Rabbonim and public figures in Netanya said they were surprised at the city council members, including kippah-clad councilmen not from chareidi parties, who did not lift a finger, and through their silence lent their backing to the scandalous conduct of the municipality's legal department.

Two years ago the city council was slated to hold a key vote on allocating land to a Reform synagogue, which made every effort to obtain the plot, located in downtown Netanya on Sderot Beckman. On an Erev Shabbos an emergency meeting was held — bringing together Rabbi Yehoshua Rosenberg, Rabbi Shimon Gabbai, Rabbi Moshe Lachover, Rabbi Eliezer Sorotzkin, Rabbi Moshe Ben Moshe and others — to discuss the court's insistence that the Netanya Municipality consider the allocation, which had been earmarked for the Reform activists by the city's Allocations Committee, and a court order to freeze all lots designation for the construction of botei knesses in the city.

Following public outrage and the firm stance taken by the city's rabbonim, in June 2009 the Netanya City Council, in a majority vote, decided to reject the Allocation Committee's recommendation and instead to make it available to a home for at-risk children.

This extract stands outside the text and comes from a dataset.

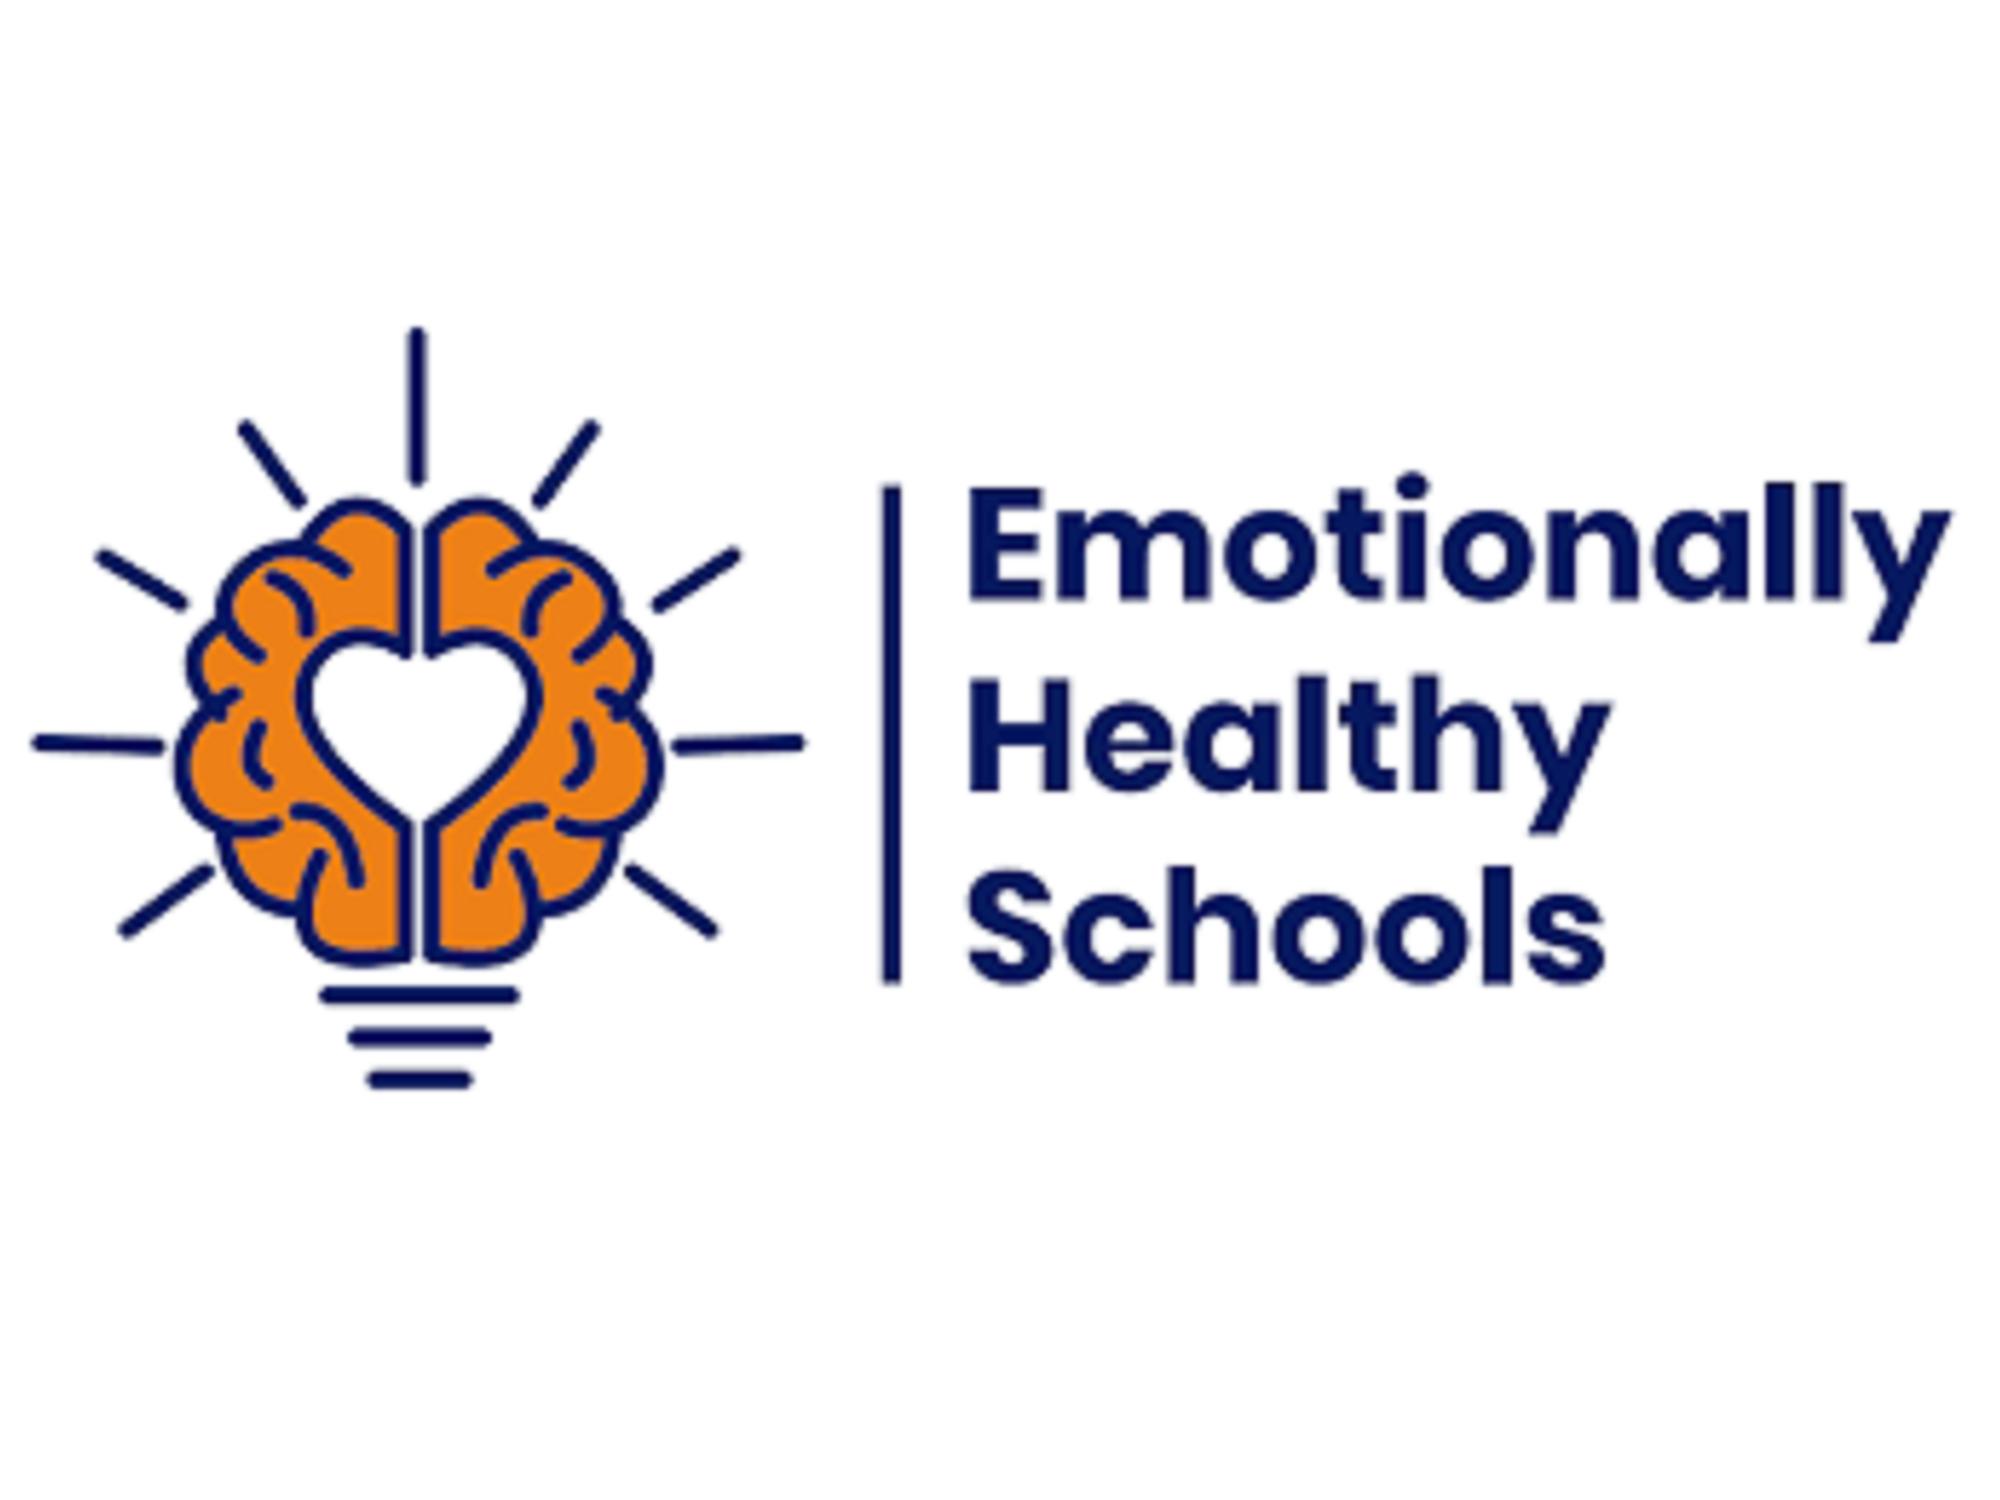 Emotionally Healthy Schools Programme logo
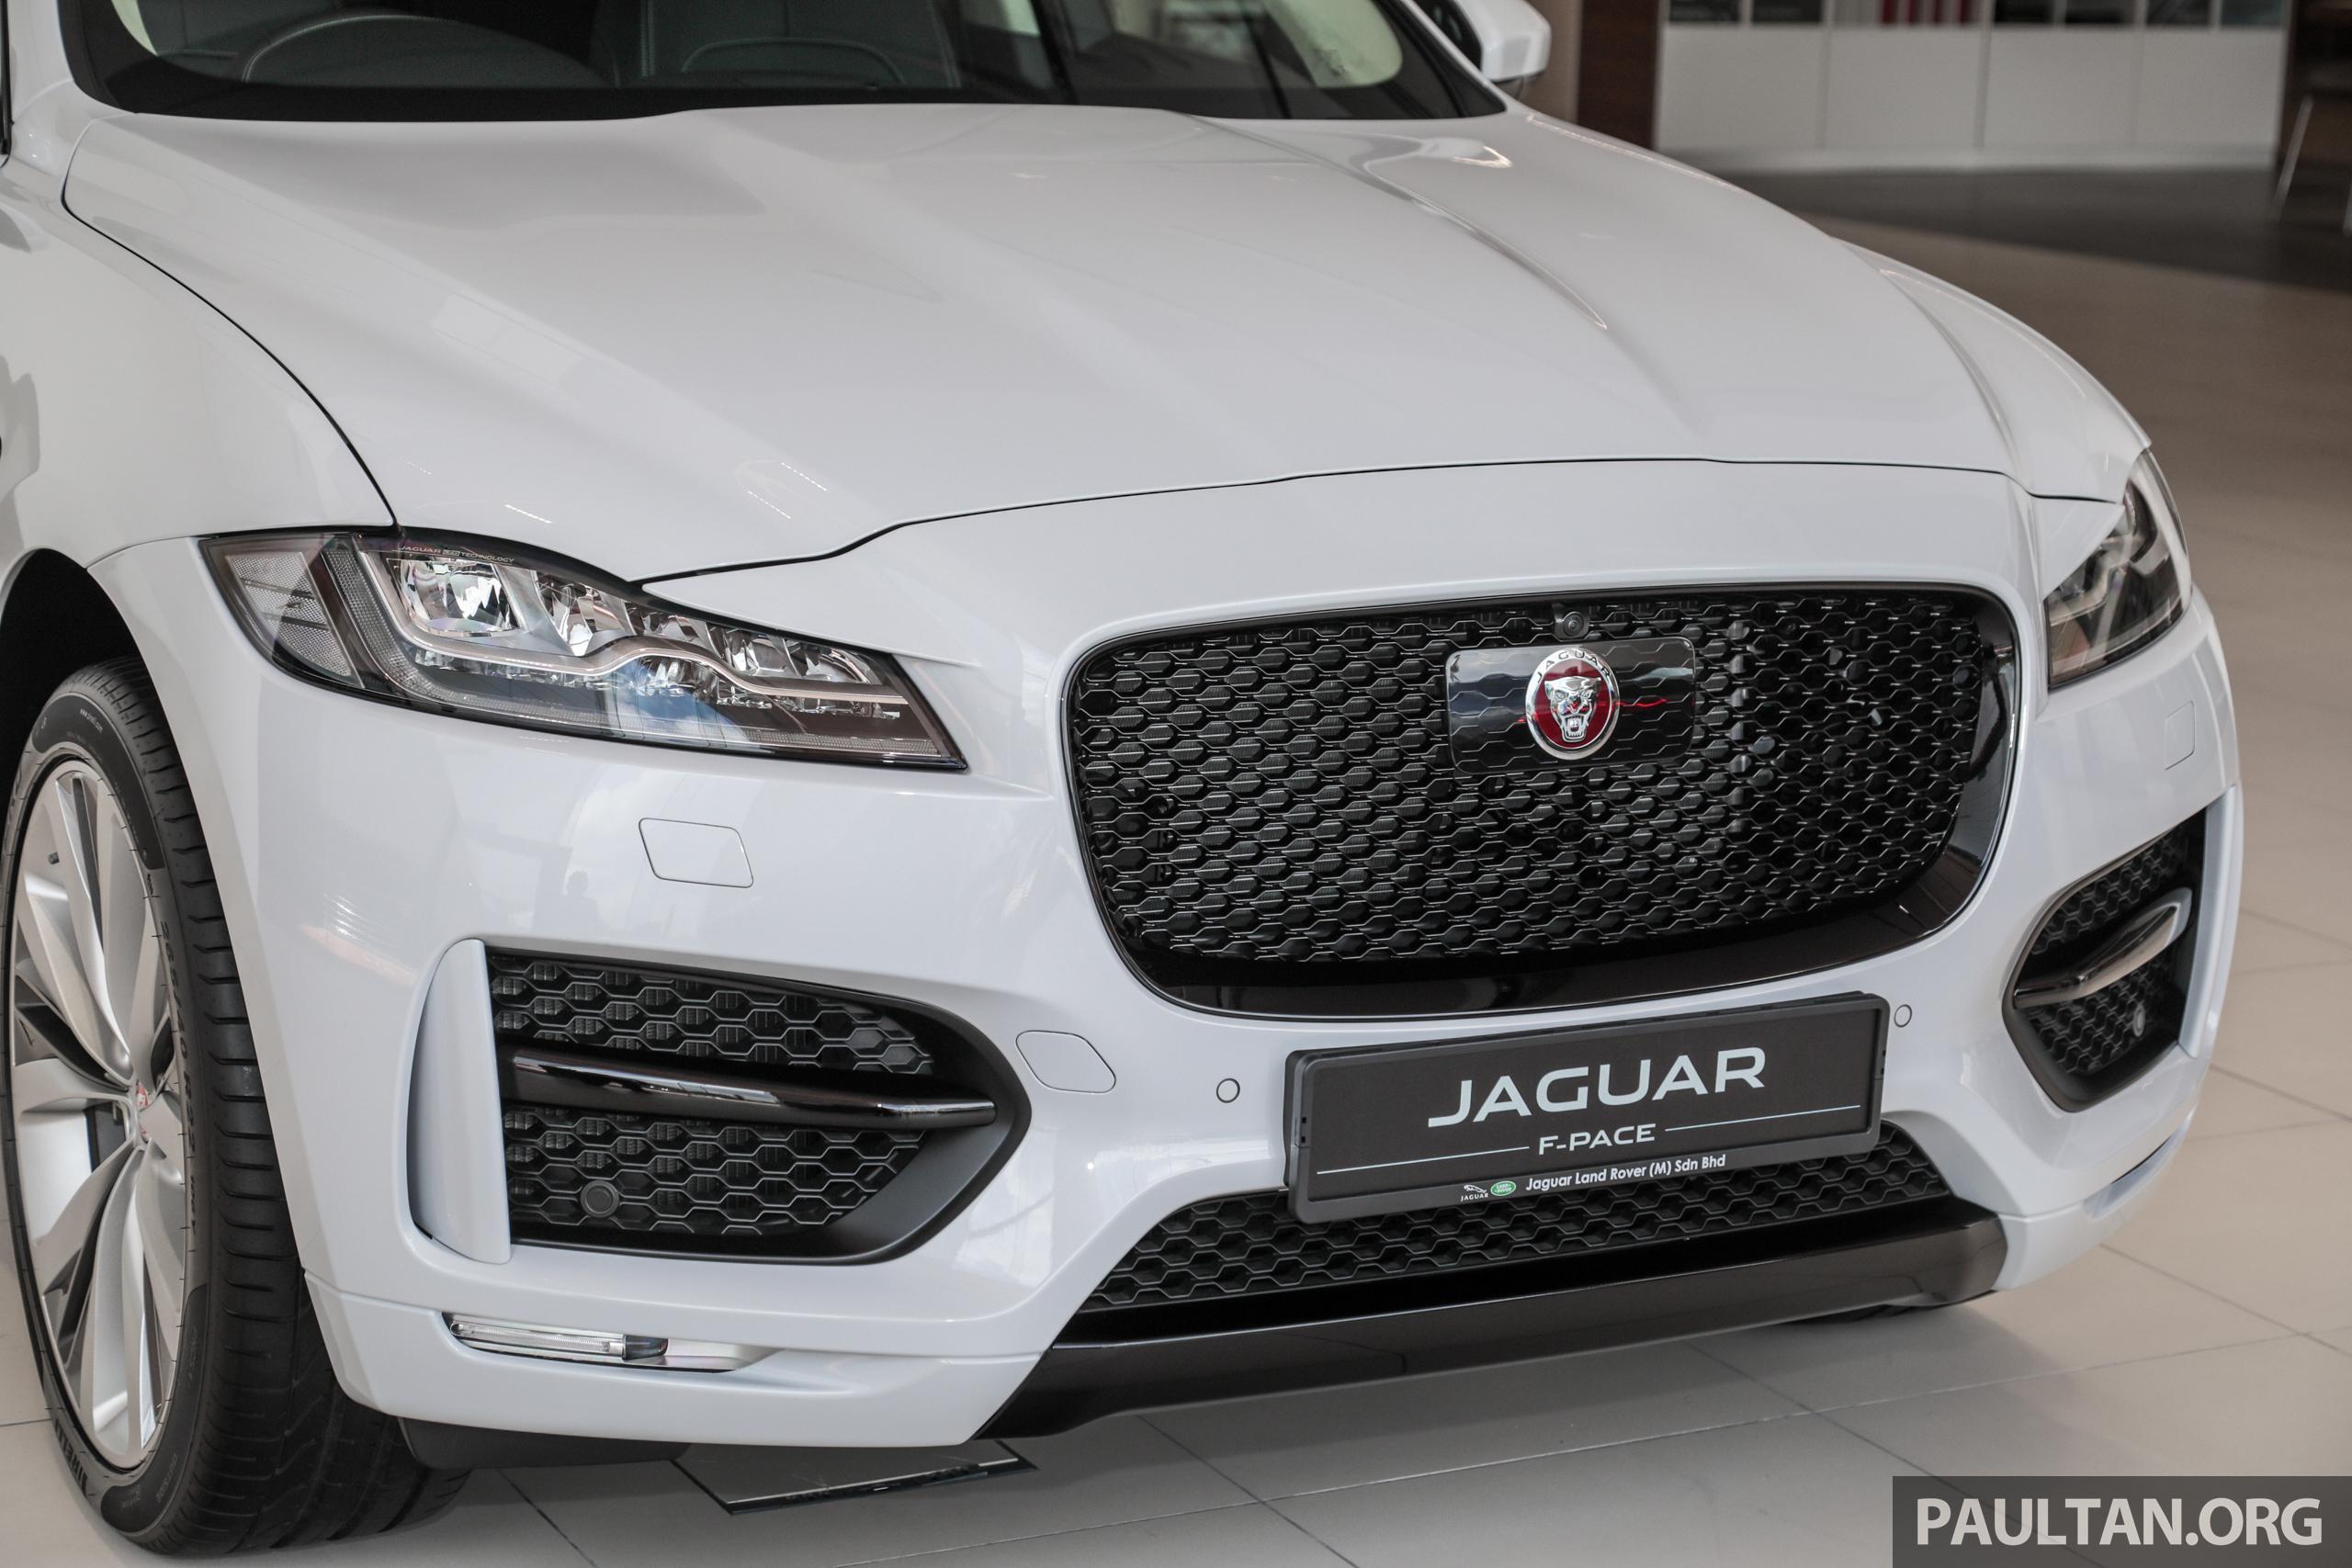 2020 Jaguar F Pace 2 0p Awd 5dr R Sport Malaysia Ext 6 Paul Tan S Automotive News

It was also decided that should the Reform activists demand an alternative site they would be required to submit a new request that would have to go through the various committees. When the decision was announced, Reform representatives on hand at the meeting said the matter would be taken back to court, where a decision on their primary petition was pending.

Torah-faithful Netanya residents, along with the majority of the general population, were certain at that point the municipality would launch a full-scale legal battle for the sake of its constituents, but the municipality showed no opposition to the court, simply awaiting its ruling tight-lipped.